A genotype-based approach to assessing the association between single nucleotide polymorphisms.

Measuring the extent of linkage disequilibrium (LD) between single nucleotide polymorphisms (SNPs) is of considerable importance, and many different between SNP association measures including Lewontin's D' and Pearson's correlation coefficient rho have been proposed. The vast majority of these association measures are based on haplotypes instead of genotypes. If no family data are available, the required additional haplotype estimation step is based on the assumption of Hardy-Weinberg equilibrium (HWE).

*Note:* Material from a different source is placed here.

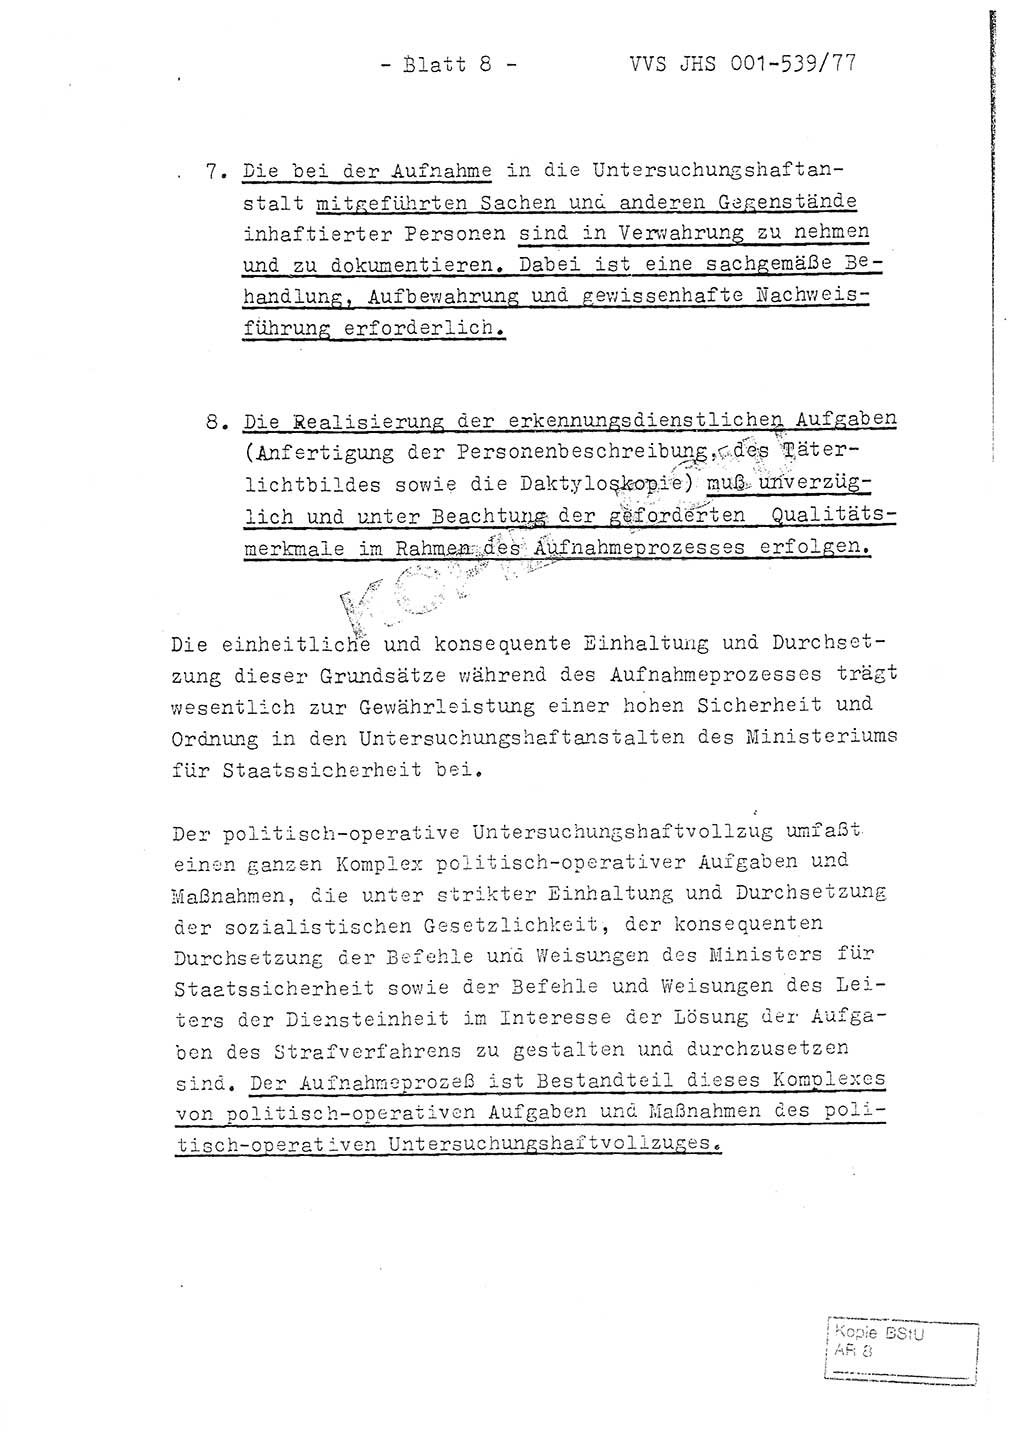 Fachschulabschlußarbeit Hauptmann Dietrich Jung (Abt. ⅩⅣ), Leutnant Klaus Klötzner (Abt. ⅩⅣ), Ministerium für Staatssicherheit (MfS) [Deutsche Demokratische Republik (DDR)], Juristische Hochschule (JHS), Vertrauliche Verschlußsache (VVS) 001-539/77, Potsdam 1978, Seite 8 (FS-Abschl.-Arb. MfS DDR JHS VVS 001-539/77 1978, S. 8)

In this paper we propose to estimate the extent of LD by using a genotype- rather than haplotype-based measure. Furthermore, we require of an appropriate measure of LD that it should remain invariant under the transition from haplotypes to diploid genotypes if HWE holds. We show that Pearson's rhofulfills this invariance property in contrast to a variety of different LD measures including D'. We derive the asymptotic distribution of the empirical product-moment correlation R for counting variables and construct asymptotically valid confidence intervals using Fisher's z-transformation. We demonstrate the validity of our approach by a numerical study of the coverage properties. We show that the loss in precision encountered by using genotype rather than haplotype data for estimating the association between SNPs is negligible for practical purposes. We finally illustrate our approach with data from an association study of IL-4 associated phenotypes and polymorphisms from the human IL-4 receptor alpha chain gene (IL4R).